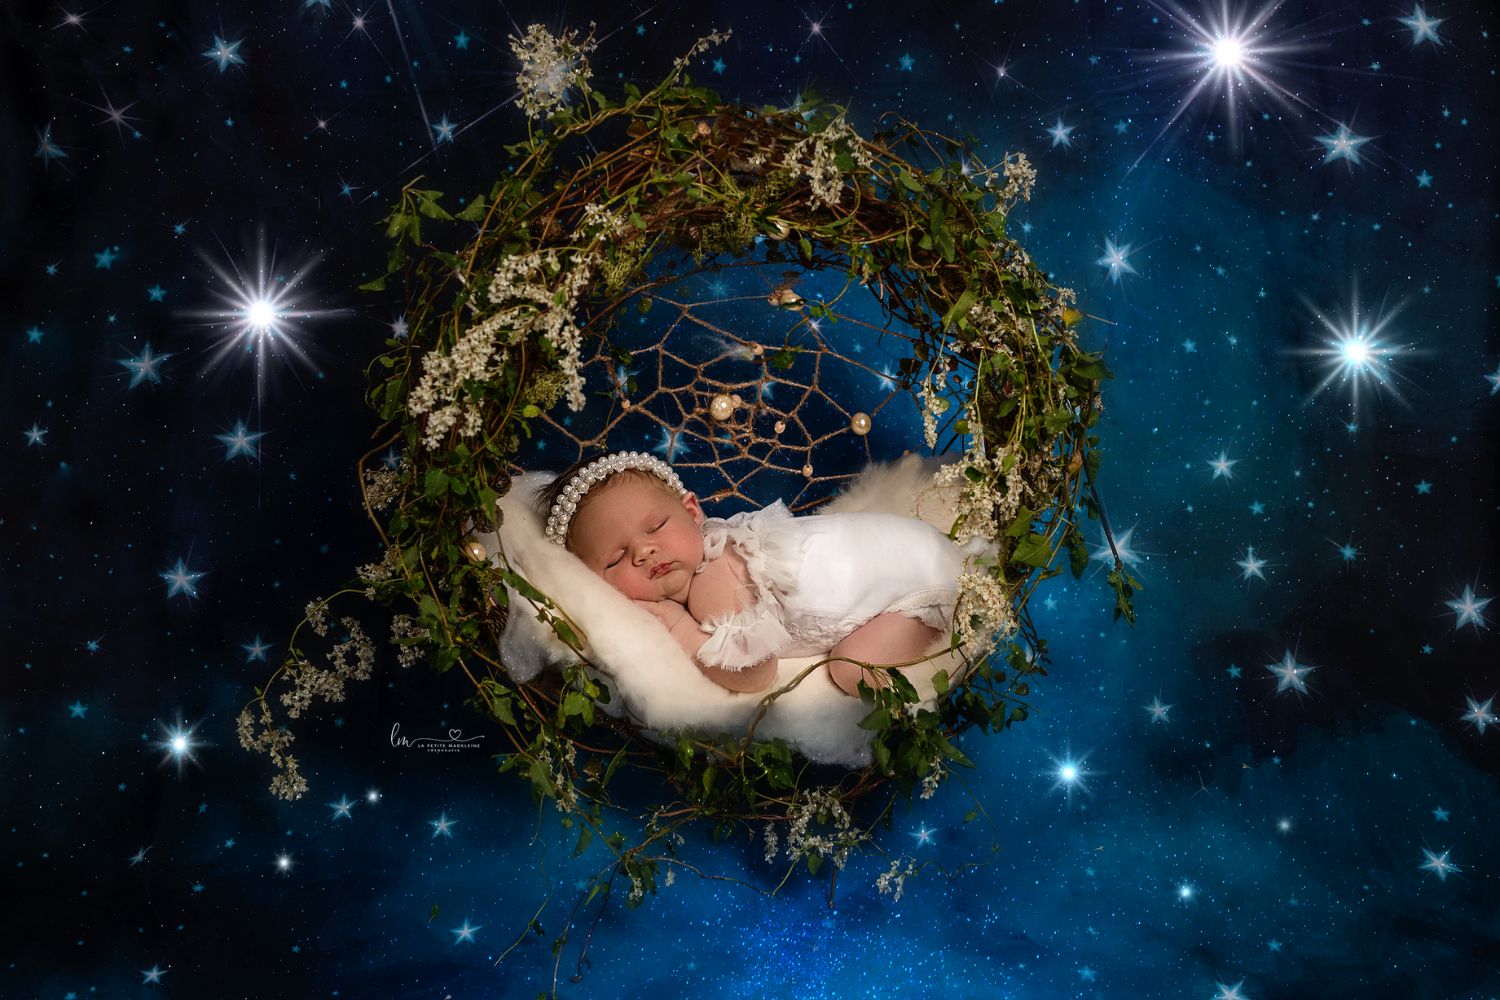 little baby lying on Christmas wreath
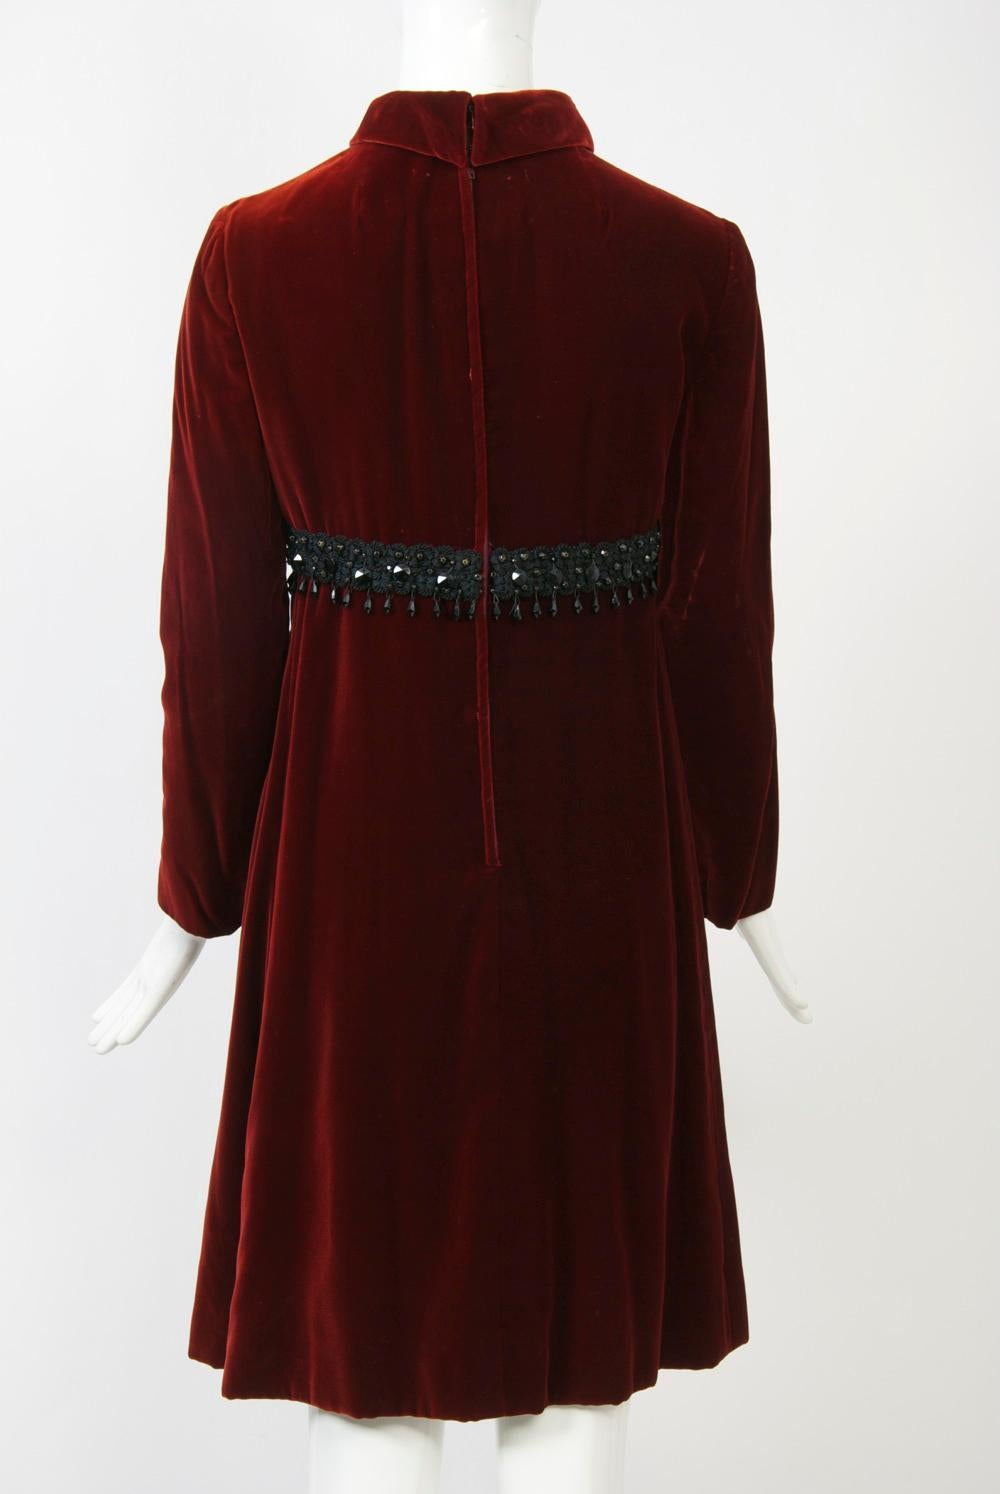 Black Kiki Hart Burgundy Velvet Dress For Sale
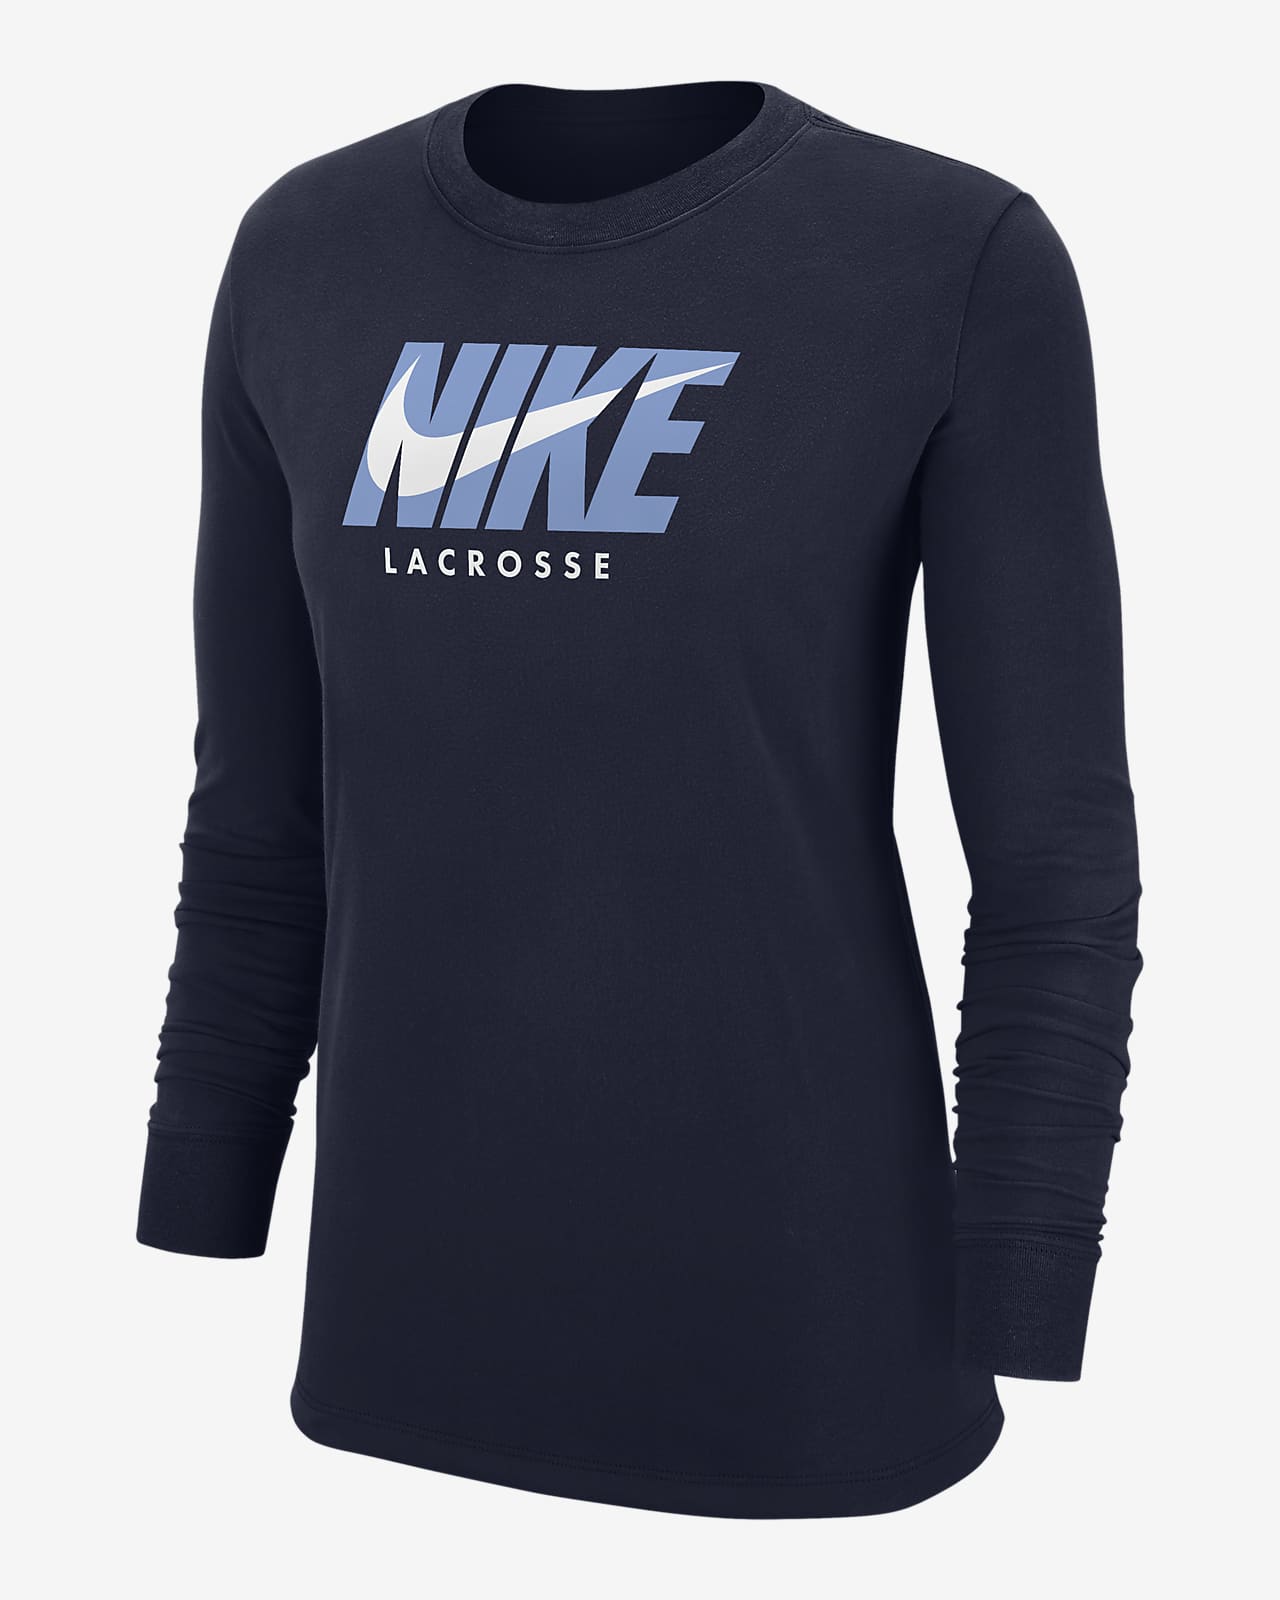 Playera de lacrosse de manga larga para mujer Nike
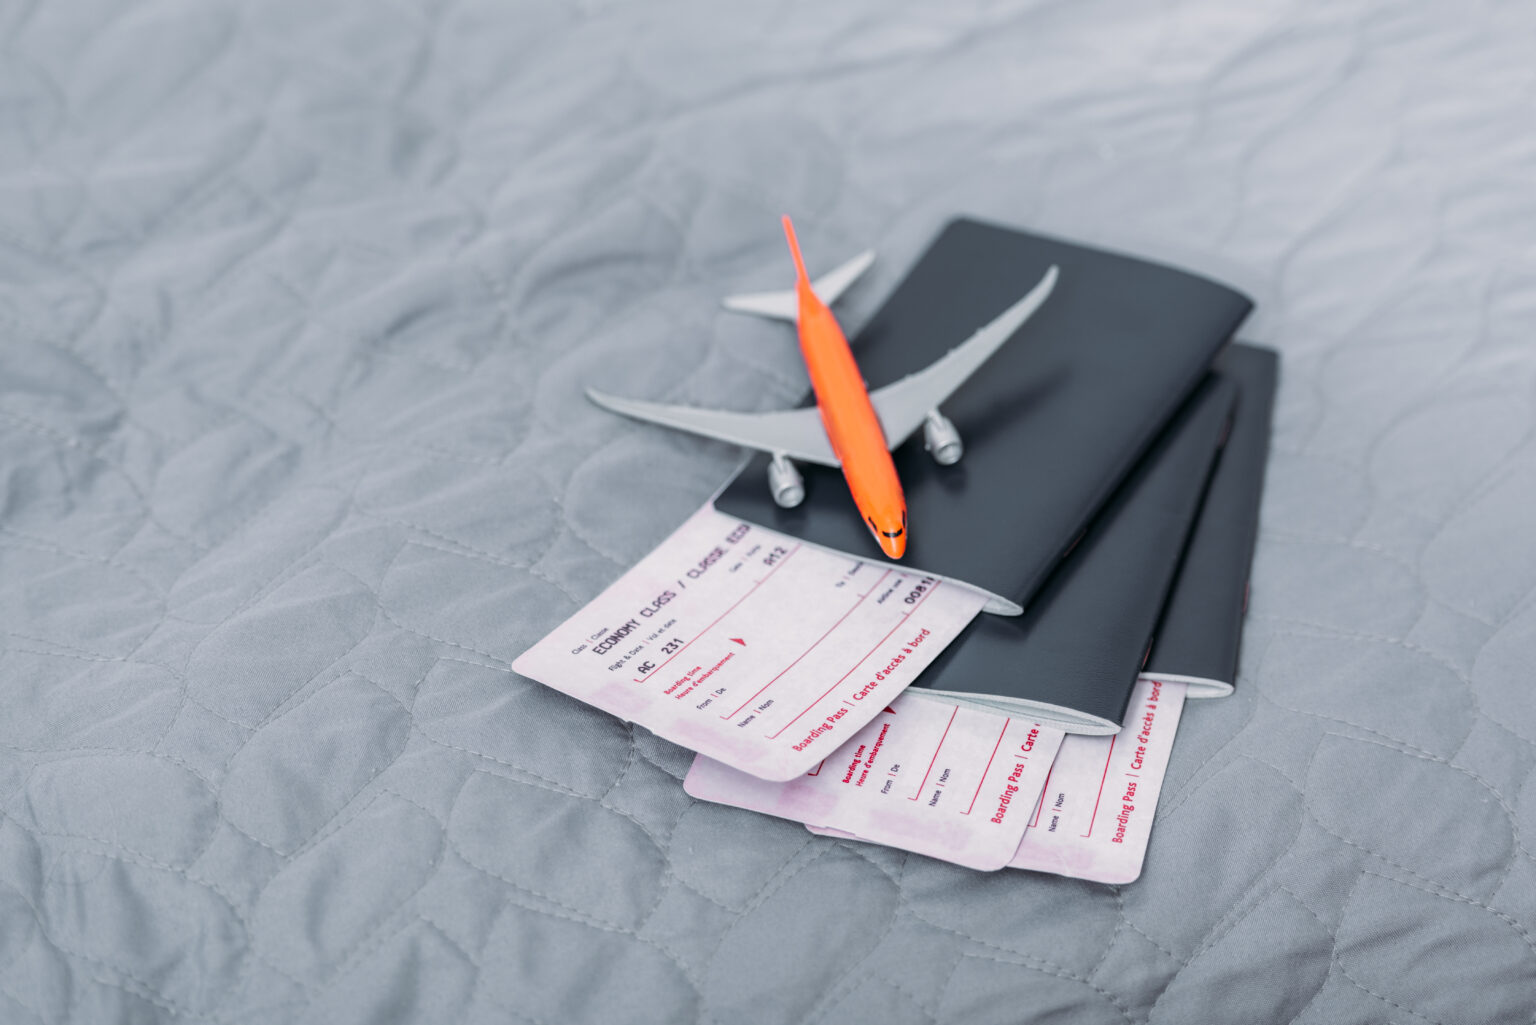 Grauer Tisch auf dem zwei Flugtickets liegen die in zwei Passports stecken. Darauf ein kleines Spielzeugflugzeug
....
What to do » Please give the data again unaltered, leaving out any images.

Written solution »
 little baby lying on Christmas wreath
 Black Kiki Hart Burgundy Velvet Dress For Sale
 Playera de lacrosse de manga larga para mujer Nike
 Grauer Tisch auf dem zwei Flugtickets liegen die in zwei Passports stecken. Darauf ein kleines Spielzeugflugzeug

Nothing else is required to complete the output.